Все же зануда этот Озорио. Подумать только, специально явился из Сантарена, чтобы яростно обрушиться на всех, забыв о том, что кафе — место для отдыха. 'Эй вы, балбесы, гнусные буржуи, чего ради вы здесь околачиваетесь?' И его налитые кровью лягушачьи глаза метали молнии.
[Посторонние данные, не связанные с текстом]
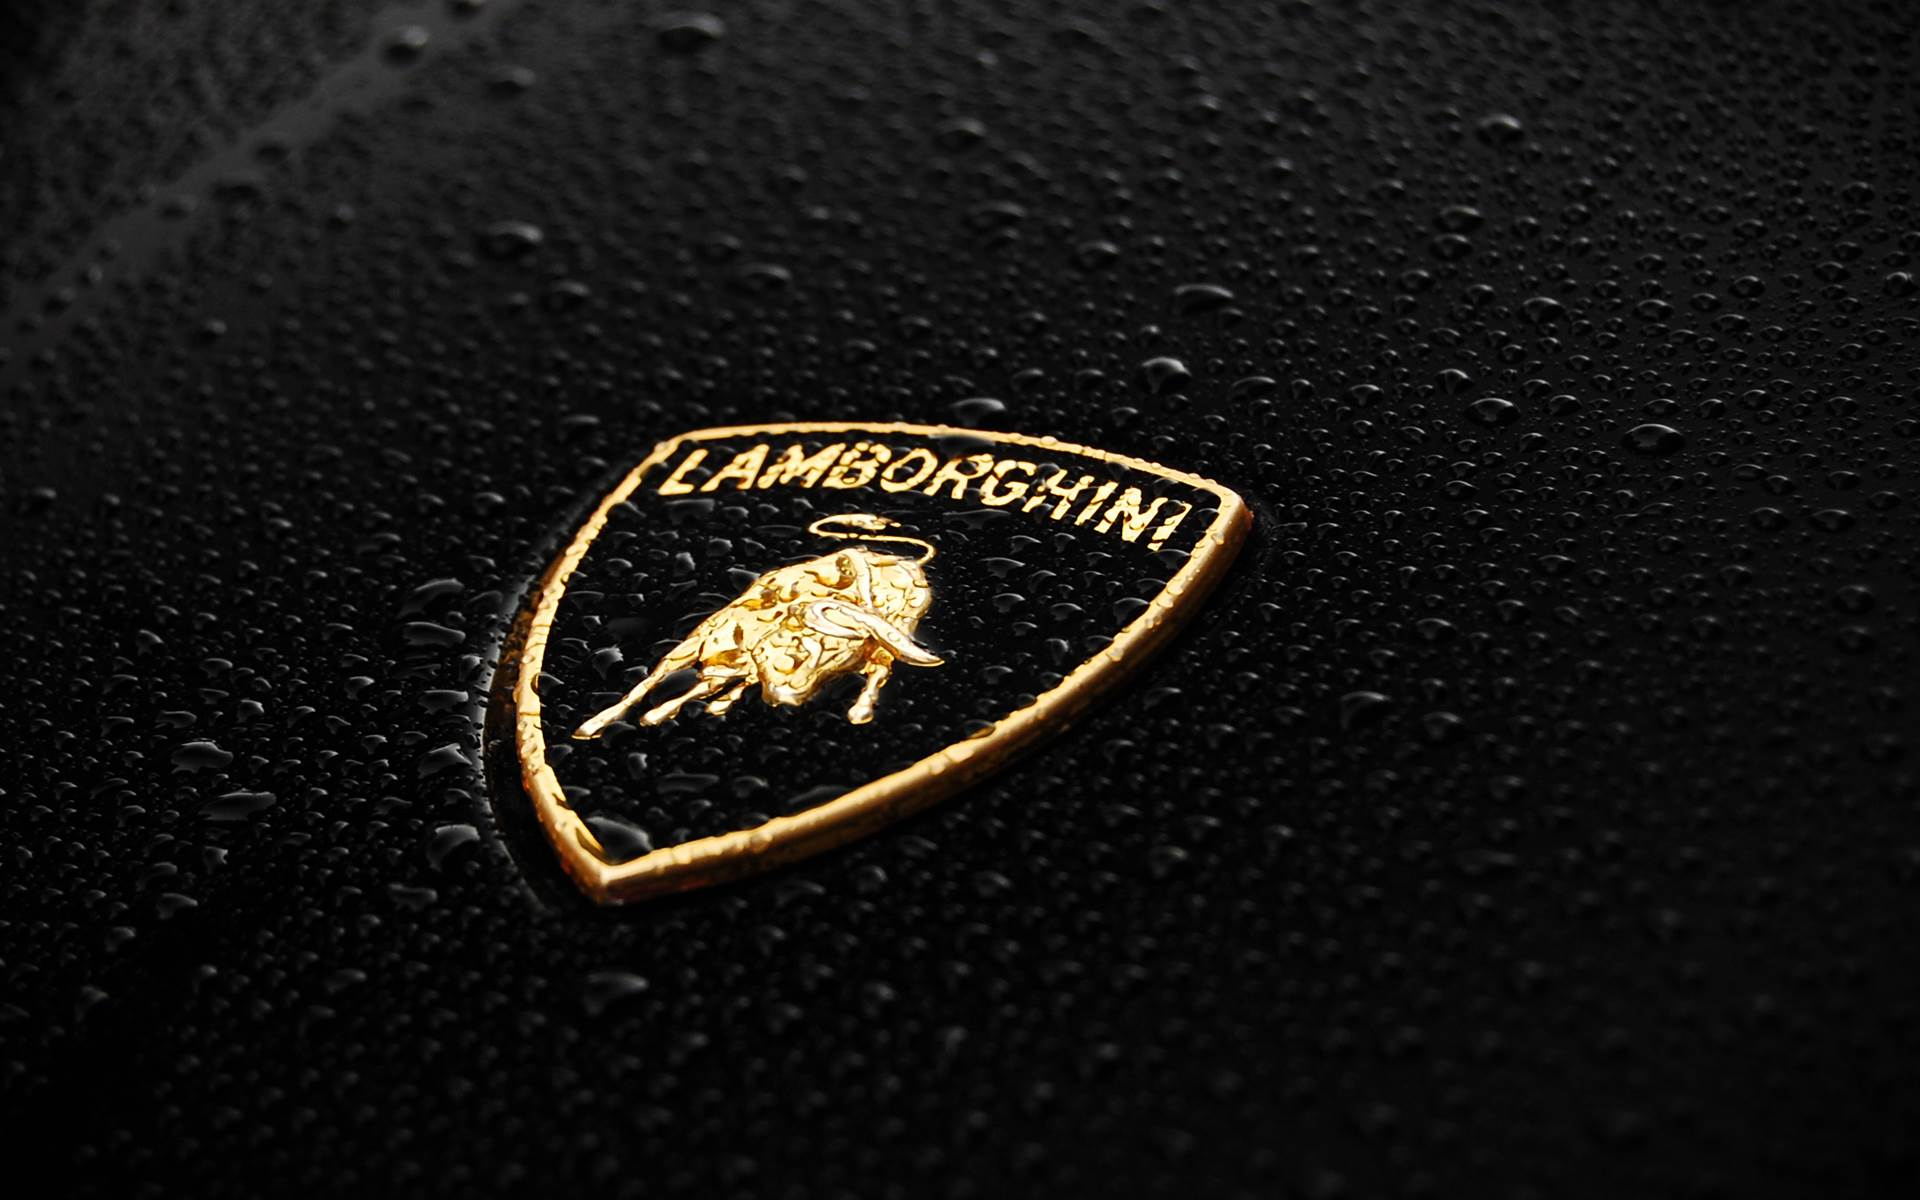 Yellow Lamborghini Aventador Wallpaper Hd Car Wallpapers 1920x1200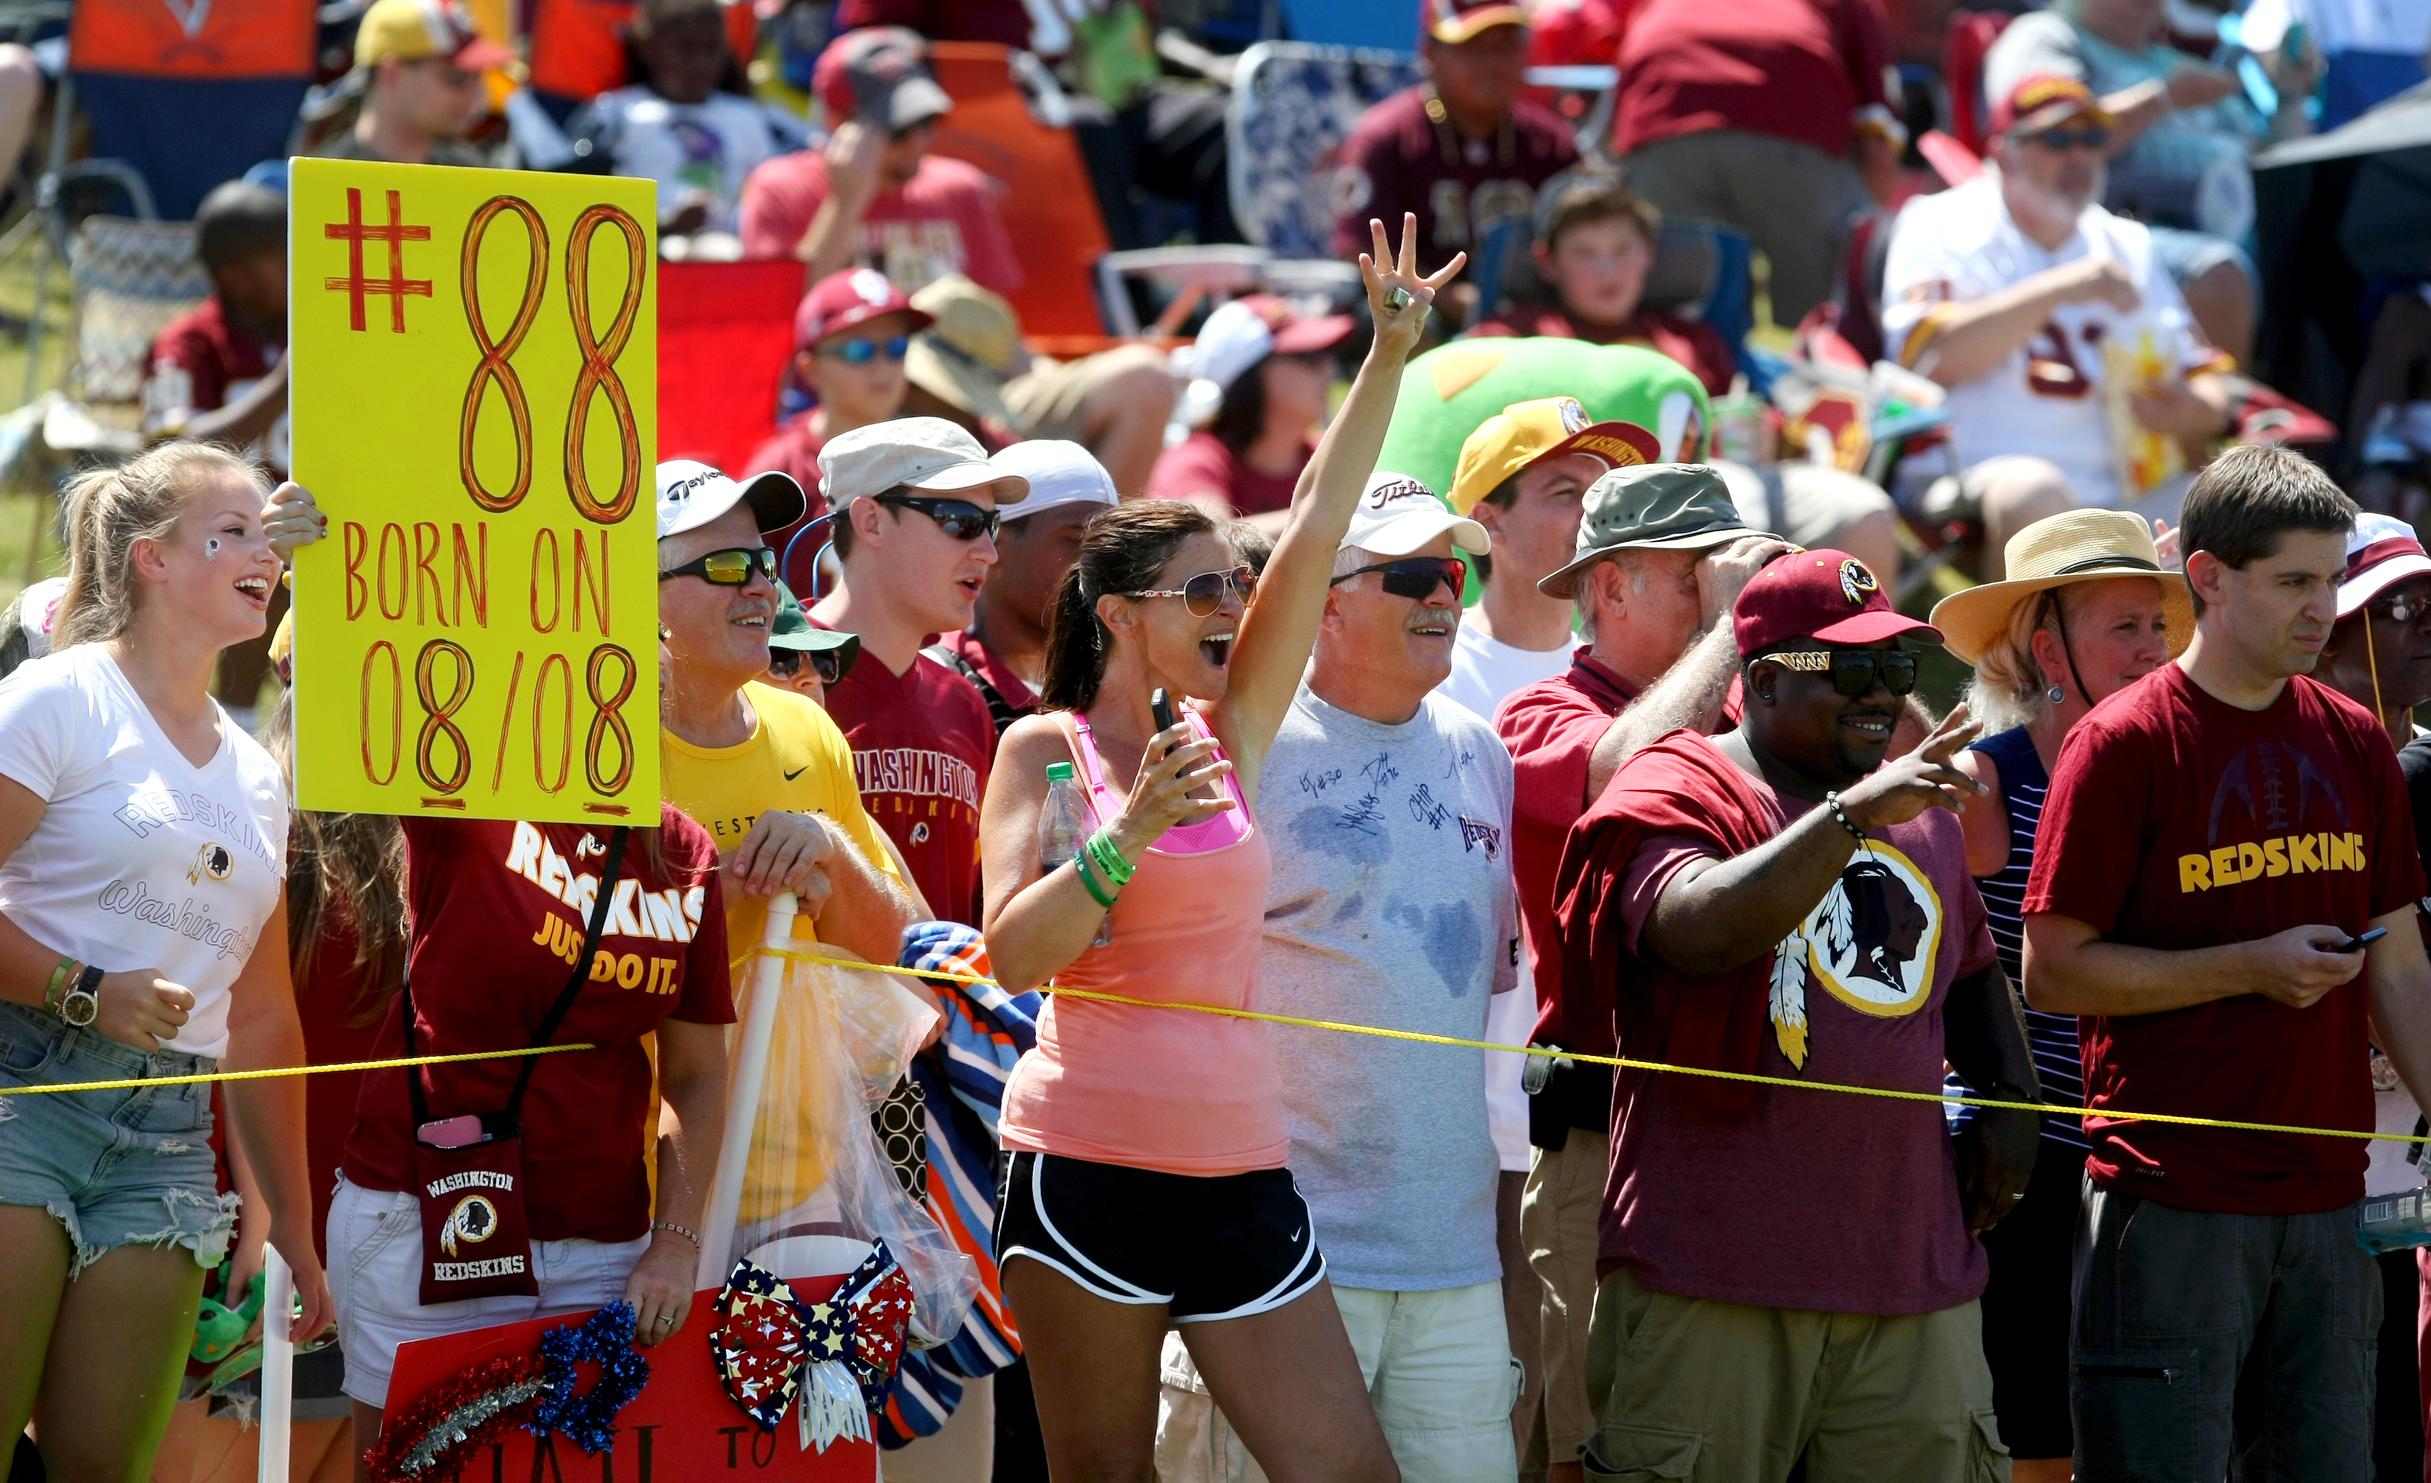 Washington Redskins fans line the sidelines during the team's NFL football training camp in Richmond, Va., Saturday, August 1, 2015. (AP Photo/Jason Hirschfeld)

Хулиган, дикарь из провинции, не питающий никакого почтения к людям с громким именем. 'Эй вы, балбесы, ответьте-ка мне, правда, что к каждому стаду приставлен свой пастух?' На его вопросы они отвечали, точно дети, застигнутые врасплох строгим учителем, и пытались рассеять его дурное настроение, злословя об обитателях Шиадо: Мадурейра развращает молодежь метафизическими увеселениями, Ваз Нунес бесстыдно гоняется за успехом (и за деньгами), выклянчивая государственный заказ пожирнее. 'И это все ваши новости, гении?'
Последнее время Озорио избрал издевательски-почтительную манеру обращения: 'Ваши превосходительства уже принимали сегодня ванну?' Дело в том, что несколько месяцев назад, как всегда конспиративно, он позвонил Сантьяго Фариа, служанка ему ответила: 'Сеньор доктор принимает ванну', и тогда Озорио заорал своим зычным голосом скандалиста: 'Я звоню по важному вопросу, девушка, скажите ему, что он мне срочно нужен, что это я его спрашиваю'. Однако на служанку не произвели впечатления ни его повелительный тон, ни мощный голос, и она стояла на своем: 'Я не могу беспокоить сеньора доктора, когда он принимает ванну'. Подумать только, он принимает ванну! 'Все полезайте в ванну, ваши превосходительства. Это как раз то, что вам нужно'. И Озорио, негодуя, возвращался в Сантарен, лишний раз убедившись в превосходстве самых неотесанных крестьян над своими бывшими товарищами по университету.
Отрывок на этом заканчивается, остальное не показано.